The Amish Fought the Law and the Amish Won
You can figure out a lot of what an Amish believes in education is from the things they fought the government about and won.
When the Supreme Court ruled they had to go to school from 1st to 8th grade, they were prepared, in mass, to go to prison unless concessions were made, and they won these concessions.
- They demanded that any school be within walking distance of home, they would not allow their children to be carried on buses.
- They refused large schools where pupils are sorted into different compartments and assigned different teachers every year.
- They demanded that all school decisions had to be signed off by the parents.
- They demanded a maximum eight-month school year.
- They demanded the teachers who taught their children to be knowledgeable in, and sympathetic to, Amish values in rural ways.

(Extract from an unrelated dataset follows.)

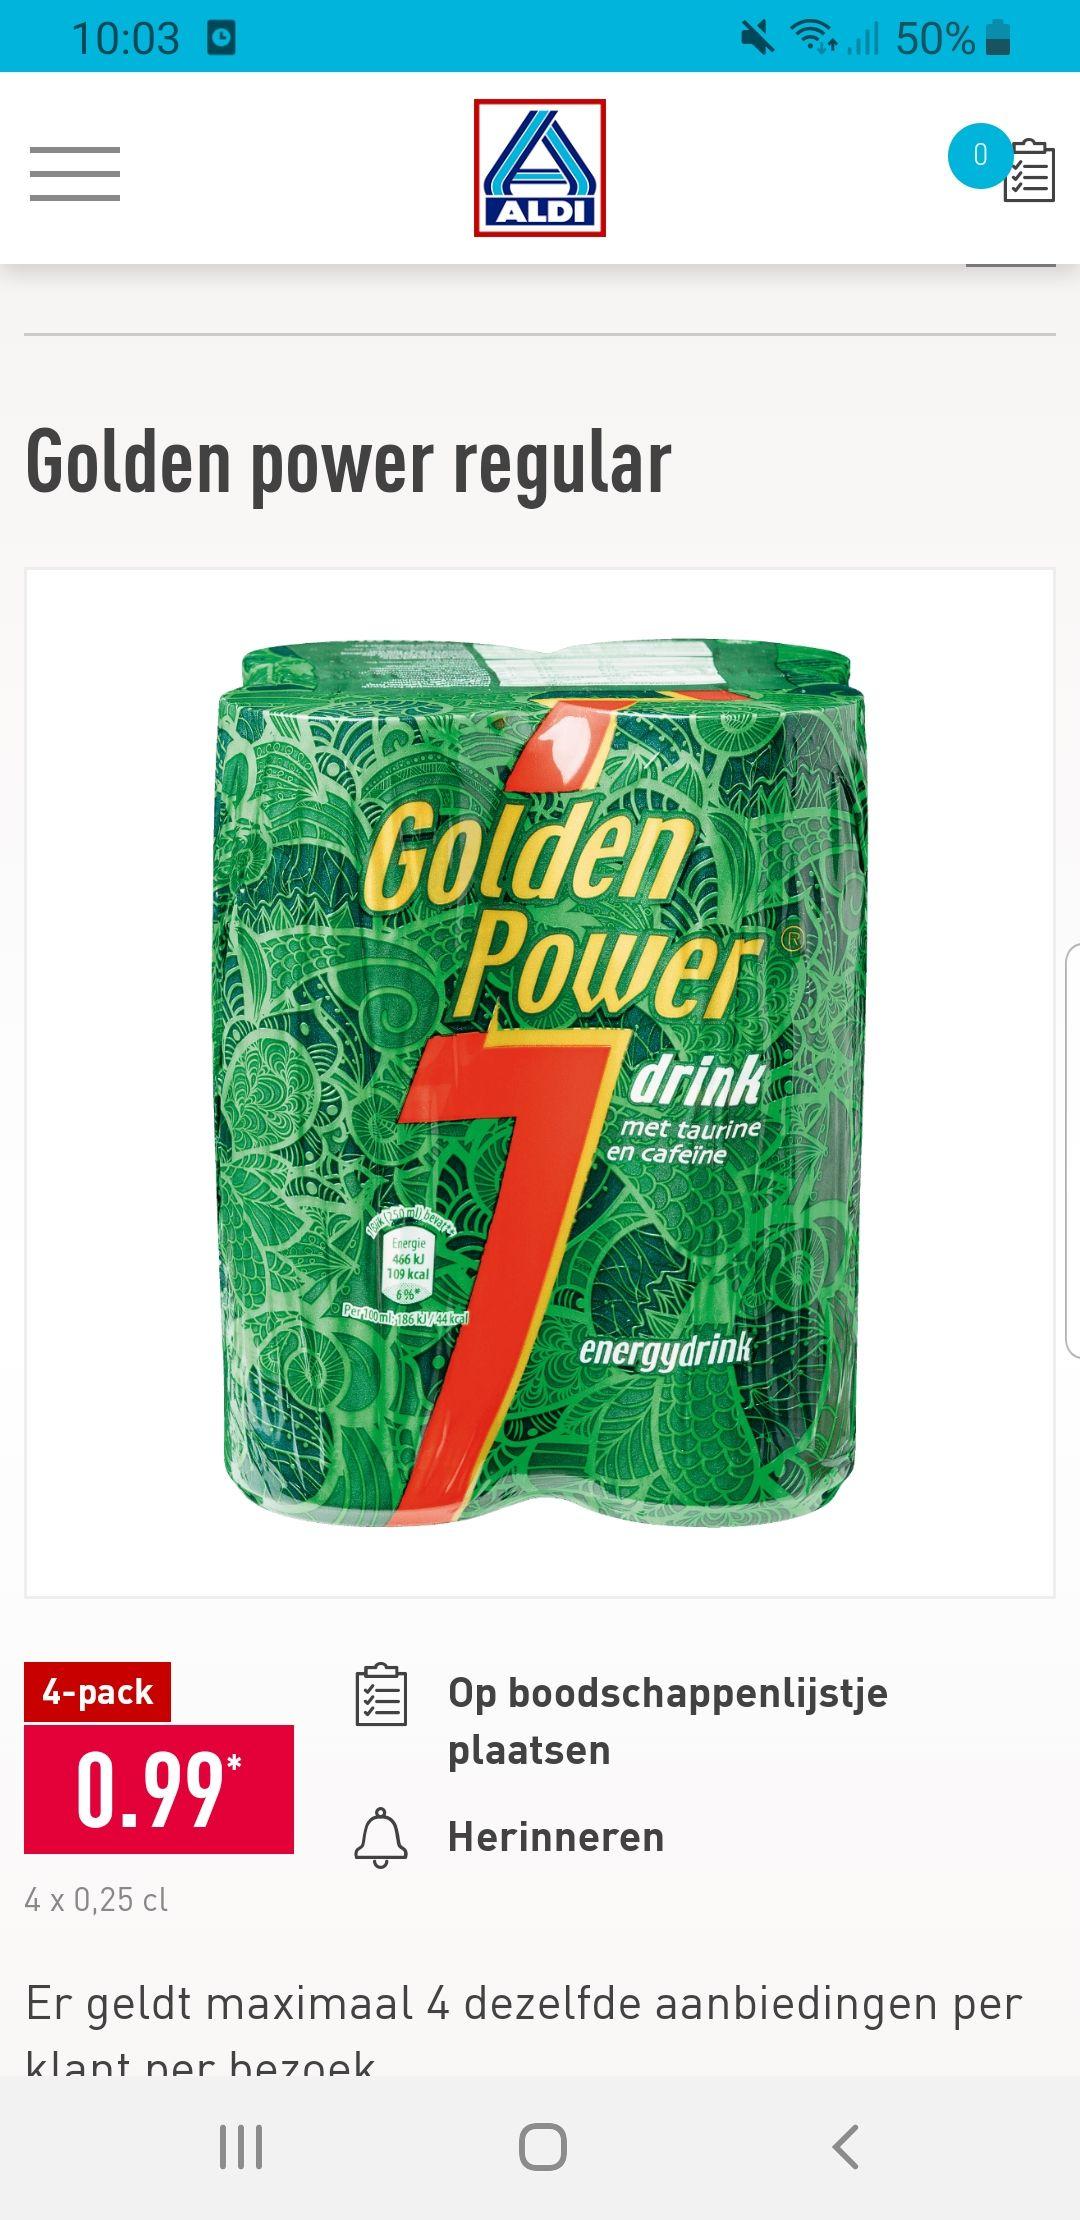 4 blikjes Golden Power voor 99 cent (= ruim 40% korting)
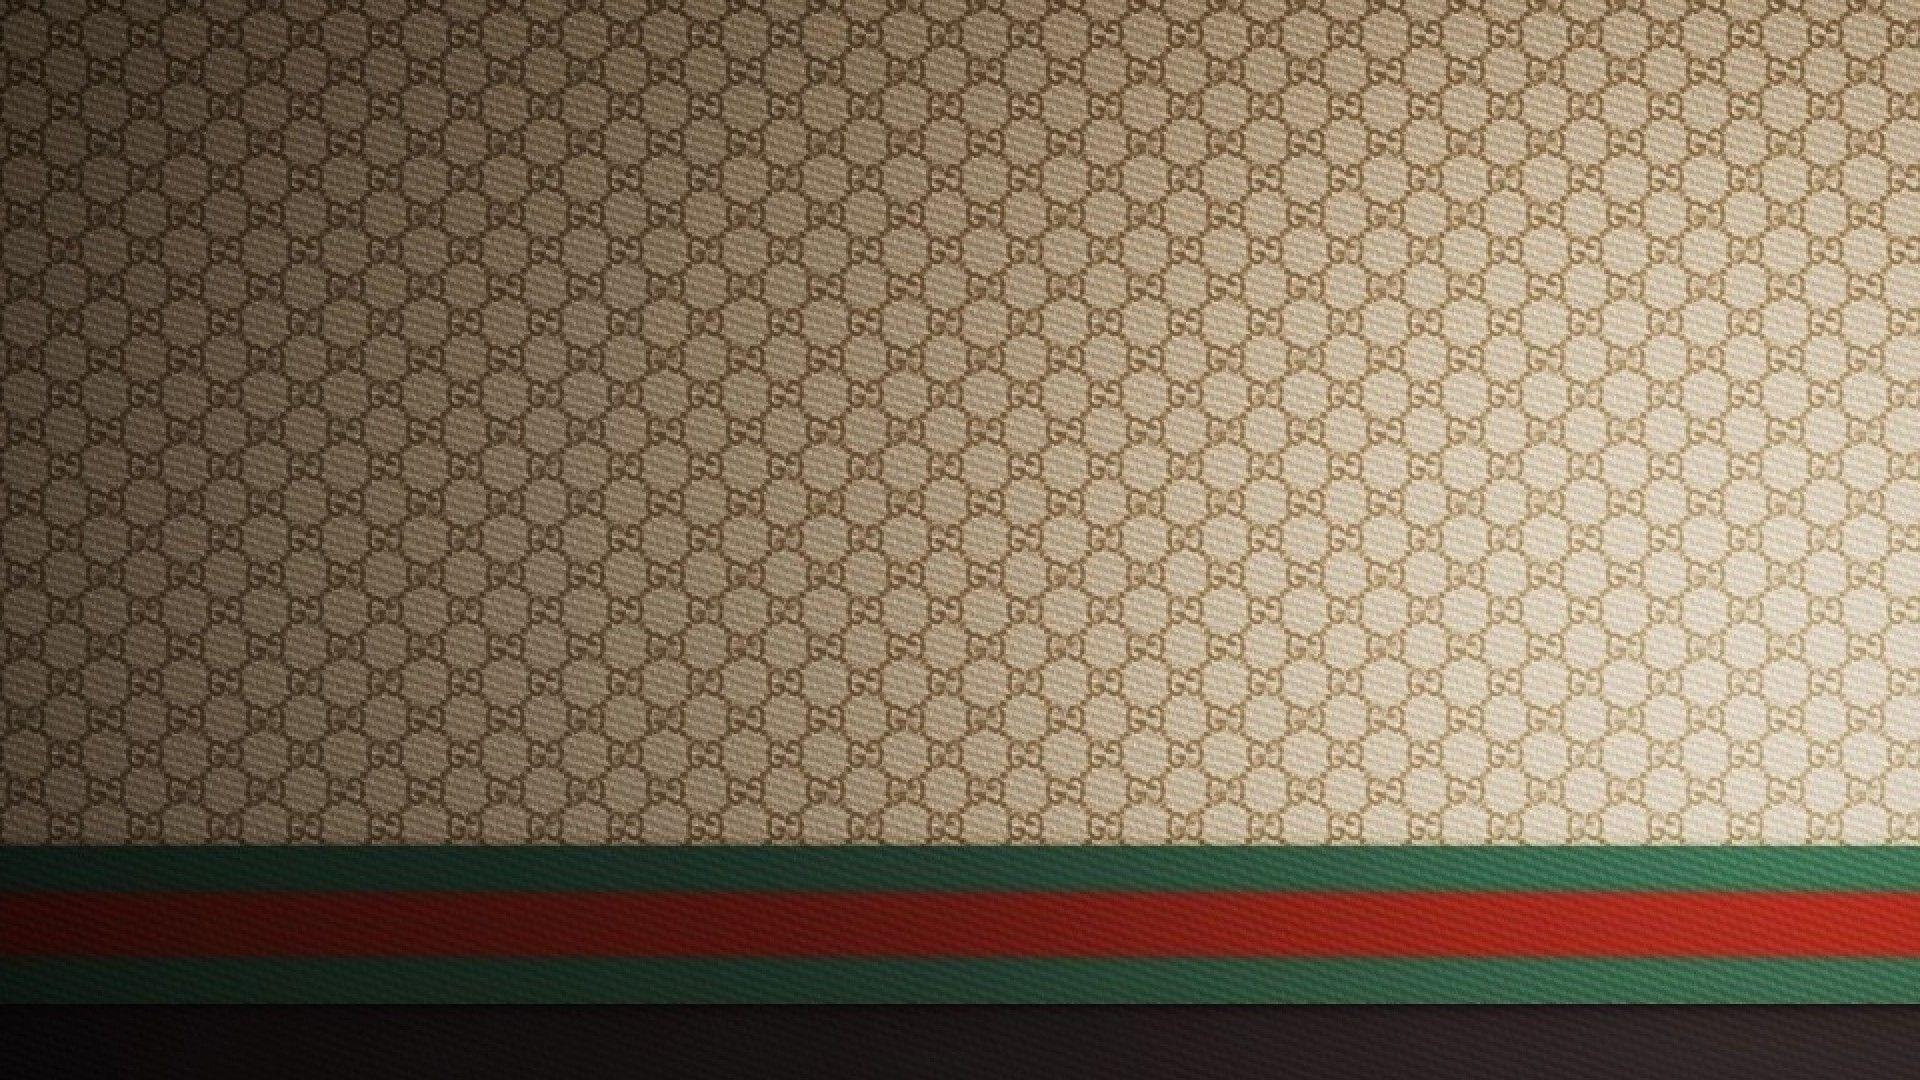 Versace Iphone Wallpaper 63 Images

They refused to hand their children over to professional educators.
- They insisted their children be taught that wisdom and academic knowledge are two different things.
- They insisted that their kids have practical internships and apprenticeships supervised by the parents. They were prepared to go to jail and lose everything before they would surrender their children to any form of state indoctrination, called schooling, which would break up their families, their traditions, and their communities, and leave their children restless, trained to leap and jump but without purpose or direction not knowing where they would land.
An education to an Amish-er is being independent, living in a closed community, as a valuable neighbor, and living a godly life.
On the cusp of the 21st century where you and I are perched, it hardly seems possible for a definition of education like this to have survived and even thrived. Yet how can we explain the baffling Amish who do it their own way, in spite of expert advice, and have abundant prosperity and abundant happiness?
That the Amish have done so well puts a realistic base of possibility under the ideal of an independent citizenry as the proper goal of schooling. It’s something I hope you’ll think about.